Наваждение
И чтобы читатель меня не обругал, что я Николая Петровича не представил, я сейчас именно это и сделаю.
Николай Петрович — миллионер.
«Как миллионер?» - Спросит читатель. «А что он, долларовый миллионер или не очень?» Если долларовый, так это как будто даже и не патриотично звучит. А рублёвый – так не солидно.
Согласен, сейчас с этими понятиями вовсе запутались. Это раньше миллионером быть почетно очень даже было, а сегодня и миллион как-то уже не тот. Так как же это, миллионер, хорошо или фигня какая-то? И то сказать, выиграет кто-то миллион или парочку в телевикторину. И чего? Только что на автомобиль более-менее и хватает. Порадуется такой «миллионер» денек, может, даже стол накроет, и опять пойдет на работу, где на него обязательно кто-нибудь накричит или косяк какой повесит. Из зависти, наверное.
Оно, звучит, конечно, призывно, кто, мол, хочет стать миллионером, давай сюда! Да вот только даже если ты дюже умный, миллионером то все равно не стал. Жизнь идет, как и шла.
Настоящим миллионерам, между прочим, никто не завидует попусту – наоборот, гордятся знакомством. И уж тем более, на них никто не кричит.
Вот и Николай Петрович – миллионер это самого порядка. Такого, значит, что всё у него есть. И те миллион, либо два, какие «миллионер», из позапрошлого абзаца, в случае большого везения получит, Николай Петрович и за деньги то не считает, может позволить себе эту сумму за полдня прогулять где-нибудь со свитой или каким-нибудь приглашенным дорогим гостем. Может, даже из этих самых. Чинов.
Вы скажете, ну раз он такой важный, и все у него есть, может все-таки миллиардер? Нет, возражу я вам.
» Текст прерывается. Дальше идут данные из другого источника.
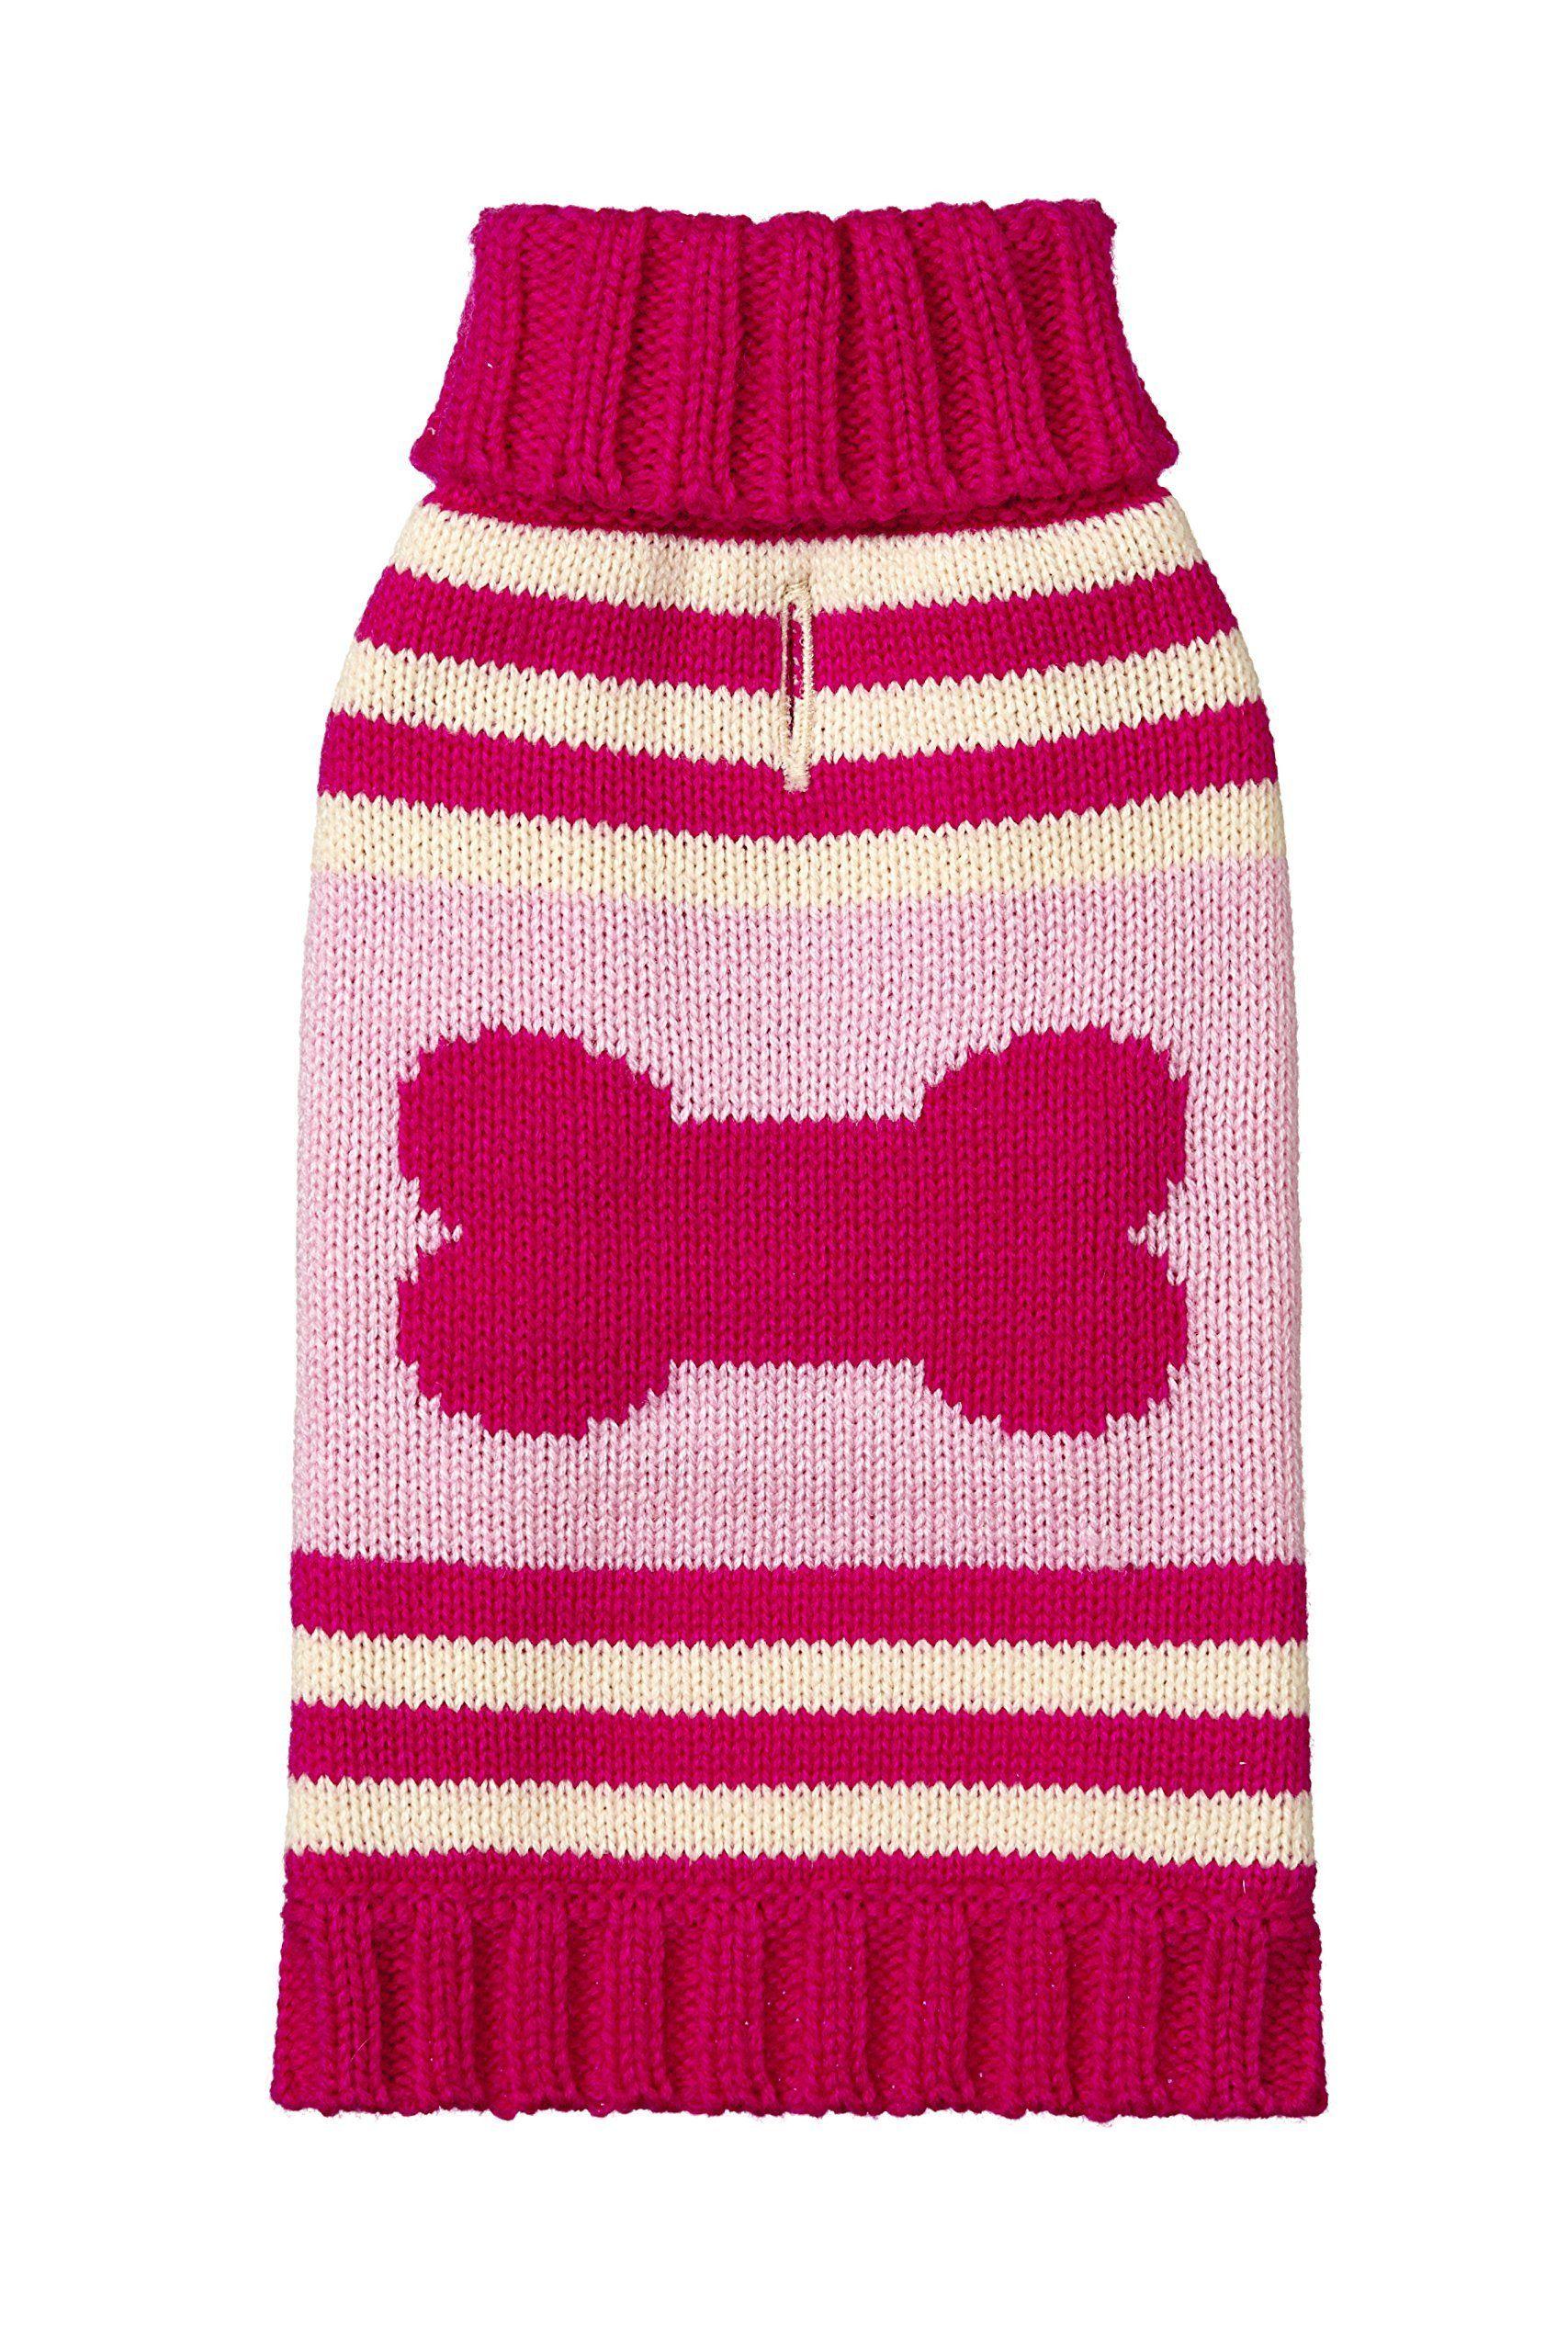 Fab Dog Knit Turtleneck Dog Sweater Striped Bone Hot Pink/Pink 8 ...

Все у него, несомненно, имеется, но у миллиардеров есть все, помноженное раз на десять, или даже того похлеще. Что? Математикой понукаете? Все логично, ведь не у каждого миллионера все есть, а только у того, у которого миллионов много. У Николая Петровича – дюже много. И, уж простите патриоты, не только в рублях.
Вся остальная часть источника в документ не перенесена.